Antimicrob Agents Chemother. 2014 Jul 7. pii: AAC.00040-14. [Epub ahead of print]

New insight in the mechanism of accumulation and intraerythrocytic compartmentation of albitiazolium - a new type of antimalarial.

Wein S1, Tran Van Ba C2, Maynadier M2, Bordat Y2, Perez J2, Peyrottes S3, Fraisse L4, Vial HJ5.

Abstract


Bis-thiazolium salts constitute a new class of anti-hematozoan drugs that inhibit parasite phosphatidylcholine biosynthesis. They specifically accumulate in Plasmodium- and Babesia-infected erythrocytes.

Here, we provide new insight on the choline analogue albitiazolium, which is currently clinically tested against severe malaria.
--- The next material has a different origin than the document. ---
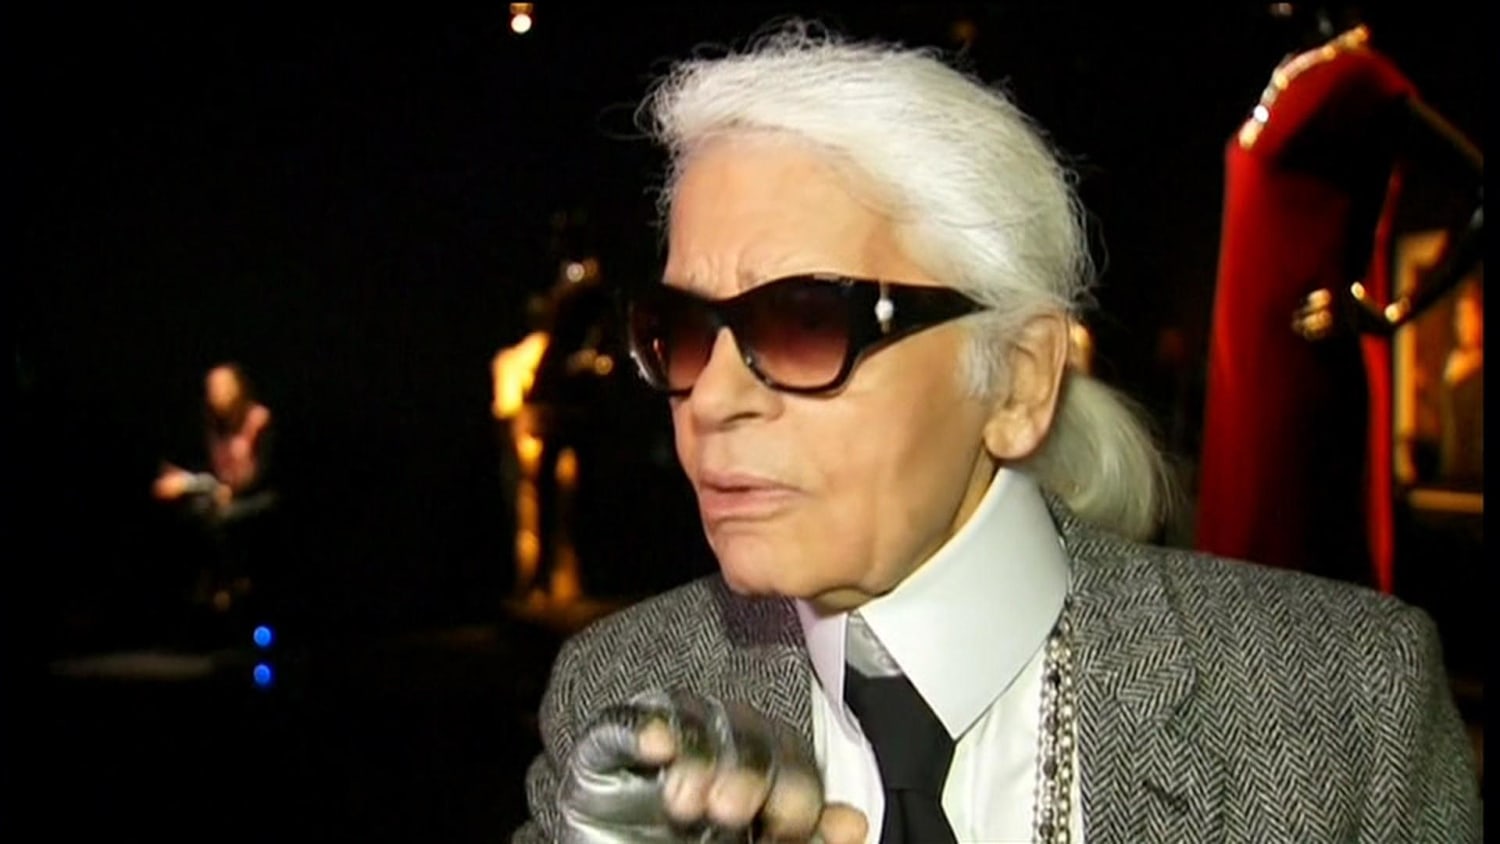 Designer Karl Lagerfeld passed away at the age of 85

Concentration-dependent accumulation in P. falciparum-infected erythrocytes reached steady-state after 90-120 min and was massive throughout the blood cycle, with cellular accumulation ratios of up to 1000.

This could not occur through a lysosomotropic effect, and the extent did not depend on the food vacuole pH, which is the case for the weak base chloroquine.

Analysis of albitiazolium accumulation in P. falciparum-IRBC revealed a high-affinity component, restricted to mature stages and suppressed by pepstatin A treatment, and thus likely related to drug accumulation in the parasite food vacuole.

Albitiazolium also accumulated in a second high-capacity component present throughout the blood cycle, likely not related to the food vacuole and also observed with Babesia divergens- infected erythrocytes.

Accumulation was strictly glucose dependent, drastically inhibited by H+/K+ and Na+ ionophores upon collapse of ionic gradients and appeared to be energized by the proton-motive force across the erythrocyte plasma membrane, indicating the importance of transport steps for this permanently charged new type of antimalarial.

This specific, massive and irreversible accumulation allows albitiazolium to restrict its toxicity to hematozoan-infected erythrocytes. The intraparasitic compartmentation of albitiazolium corroborates a dual mechanism of action, which could make this new type of antimalarial resistant to parasite resistance.

Copyright © 2014, American Society for Microbiology. All Rights Reserved.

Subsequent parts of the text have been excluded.